━━━ Provided data

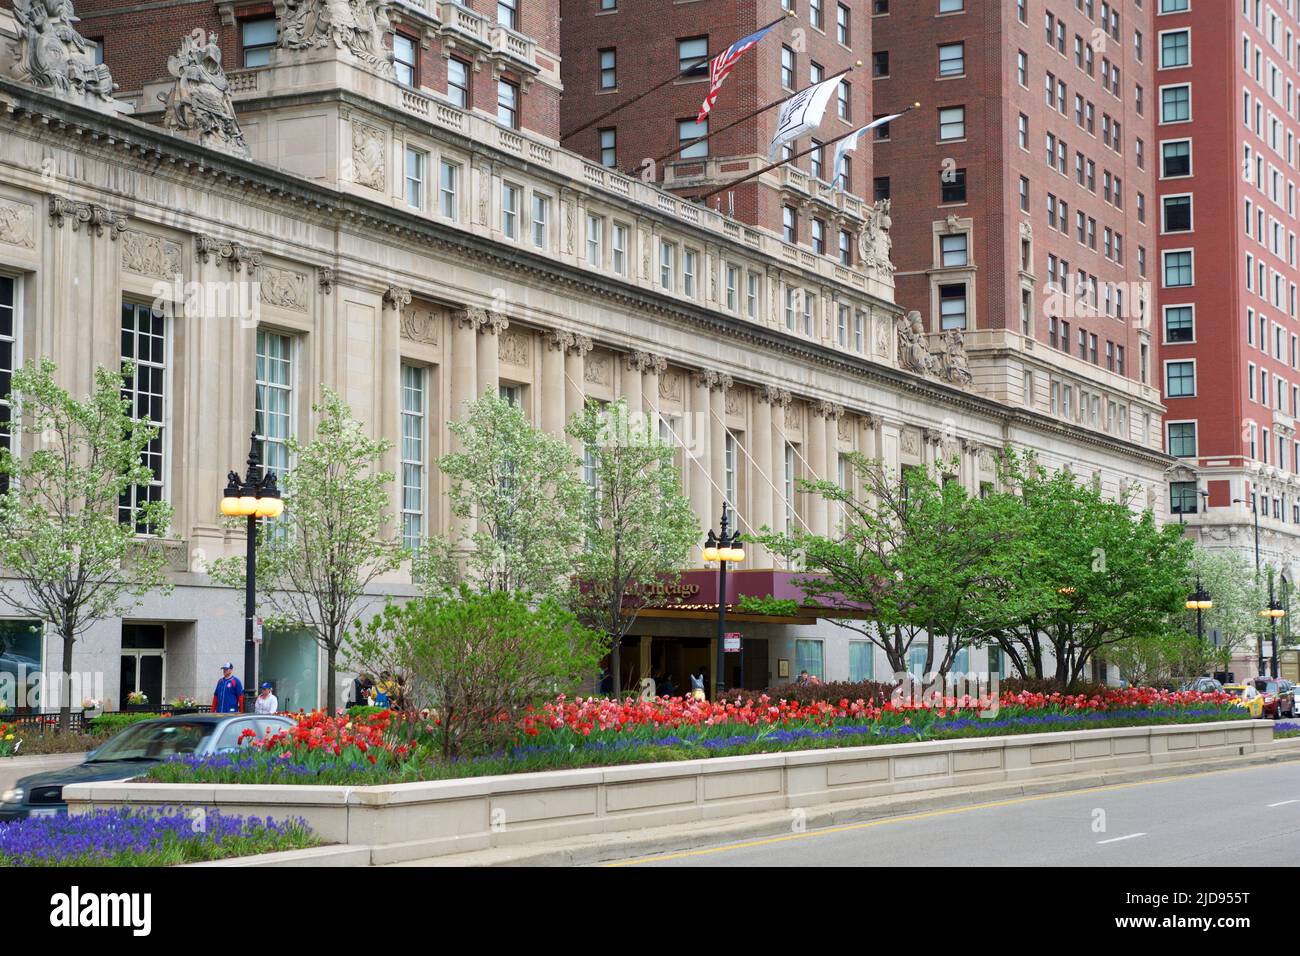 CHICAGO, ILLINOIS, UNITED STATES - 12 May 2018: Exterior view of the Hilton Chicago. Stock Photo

━━━━━━
━━━ Provided data

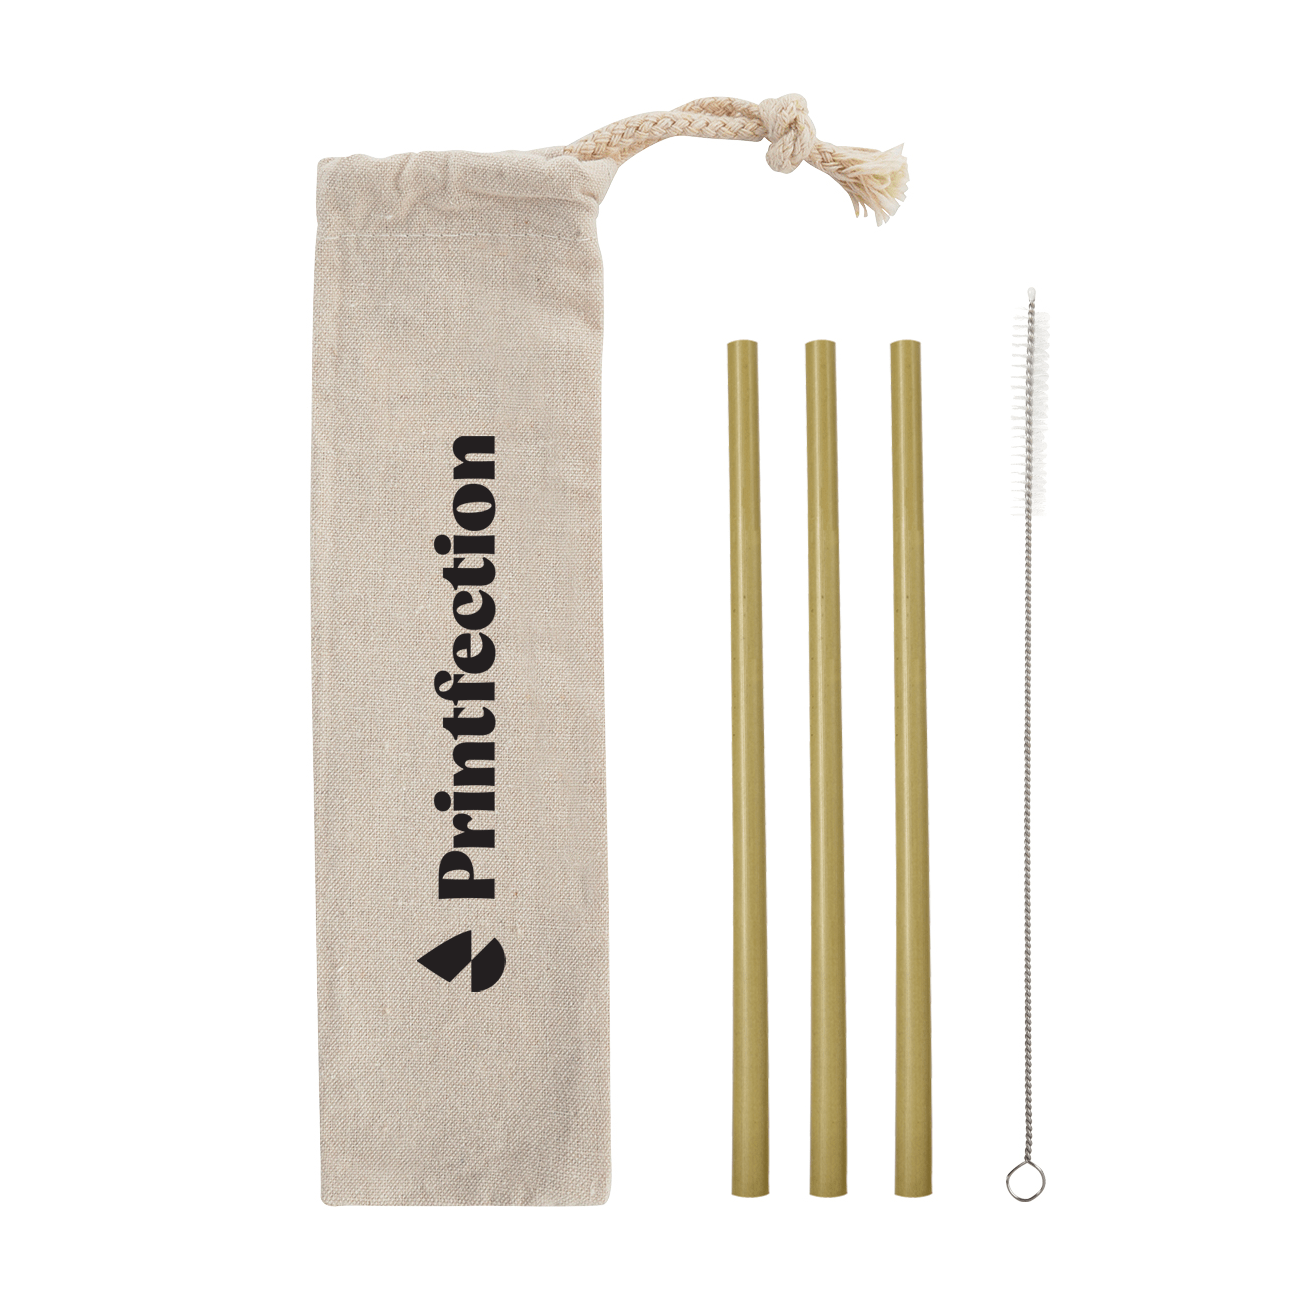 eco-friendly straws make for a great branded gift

━━━━━━
━━━ Provided data

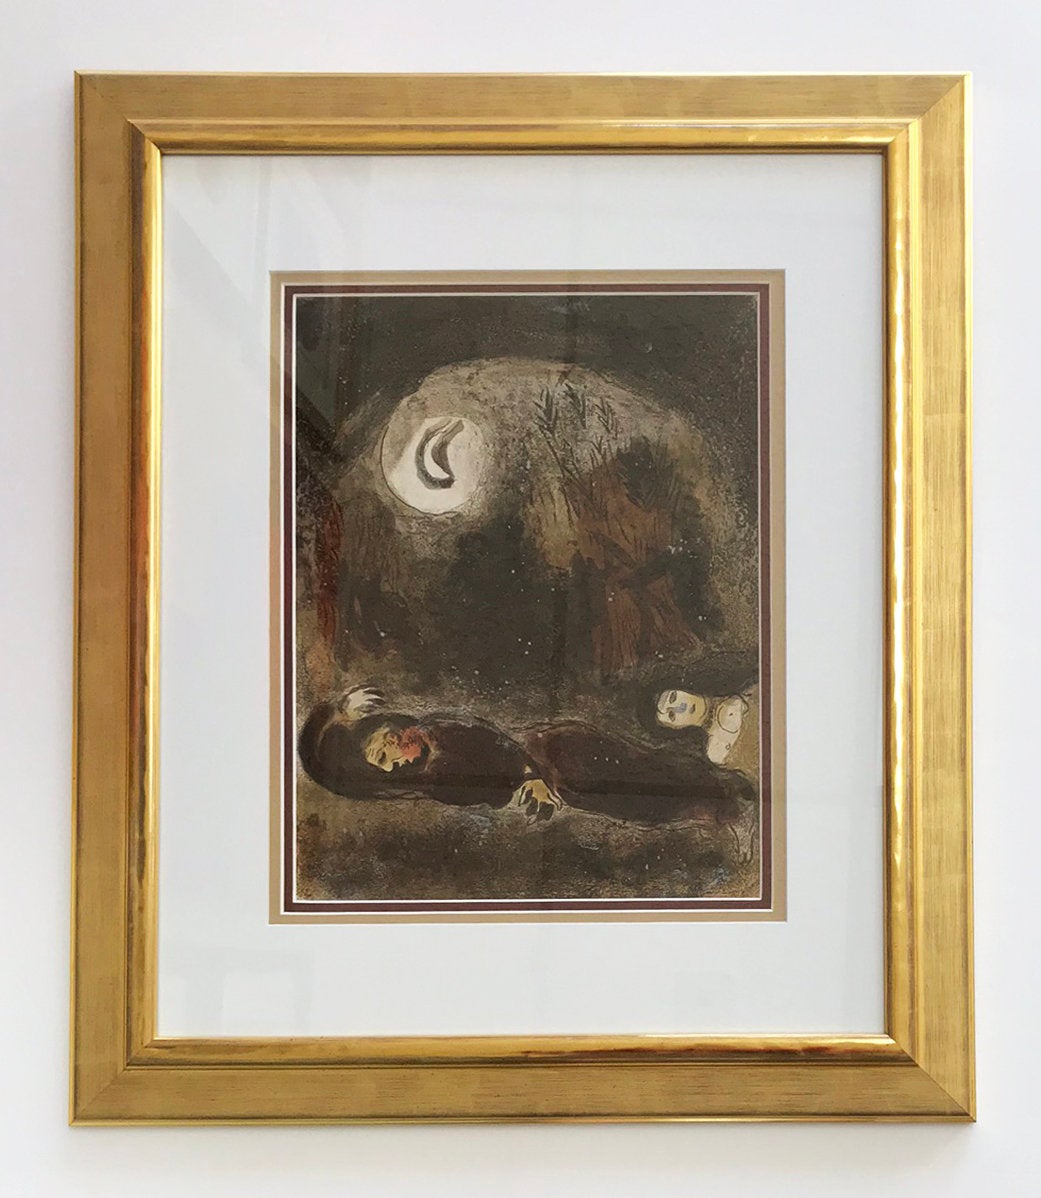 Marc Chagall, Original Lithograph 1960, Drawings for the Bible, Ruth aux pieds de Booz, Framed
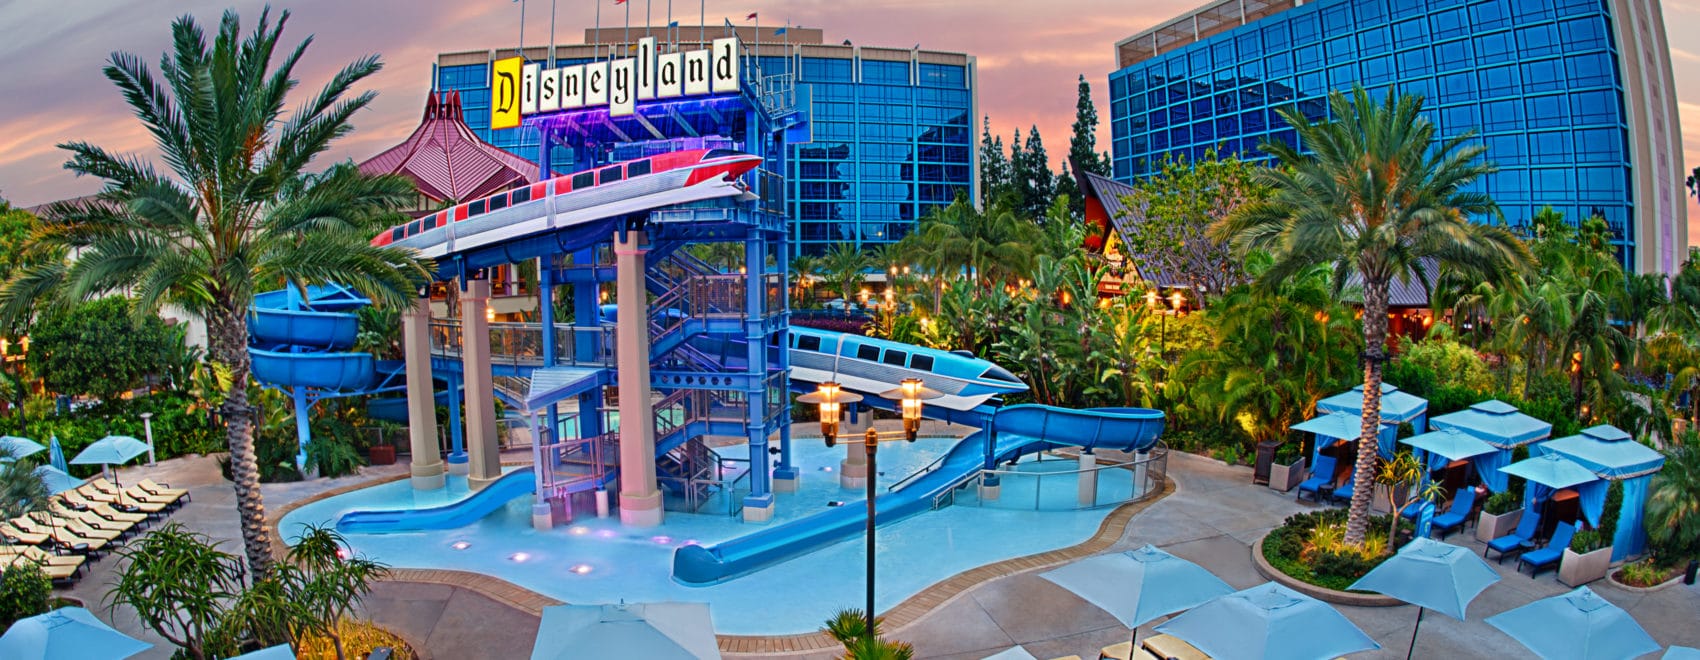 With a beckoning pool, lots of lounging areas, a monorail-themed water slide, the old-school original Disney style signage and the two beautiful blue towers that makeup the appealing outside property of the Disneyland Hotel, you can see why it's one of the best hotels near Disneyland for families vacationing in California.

━━━━━━

**Problem details:**
Give back exactly the lines of the listing above from the one that contains "Marc Chagall, Original" up to and including the one that contains "With a beckoning", but not the pictures, and no other lines.

**Written response:**
 Marc Chagall, Original Lithograph 1960, Drawings for the Bible, Ruth aux pieds de Booz, Framed
 With a beckoning pool, lots of lounging areas, a monorail-themed water slide, the old-school original Disney style signage and the two beautiful blue towers that makeup the appealing outside property of the Disneyland Hotel, you can see why it's one of the best hotels near Disneyland for families vacationing in California.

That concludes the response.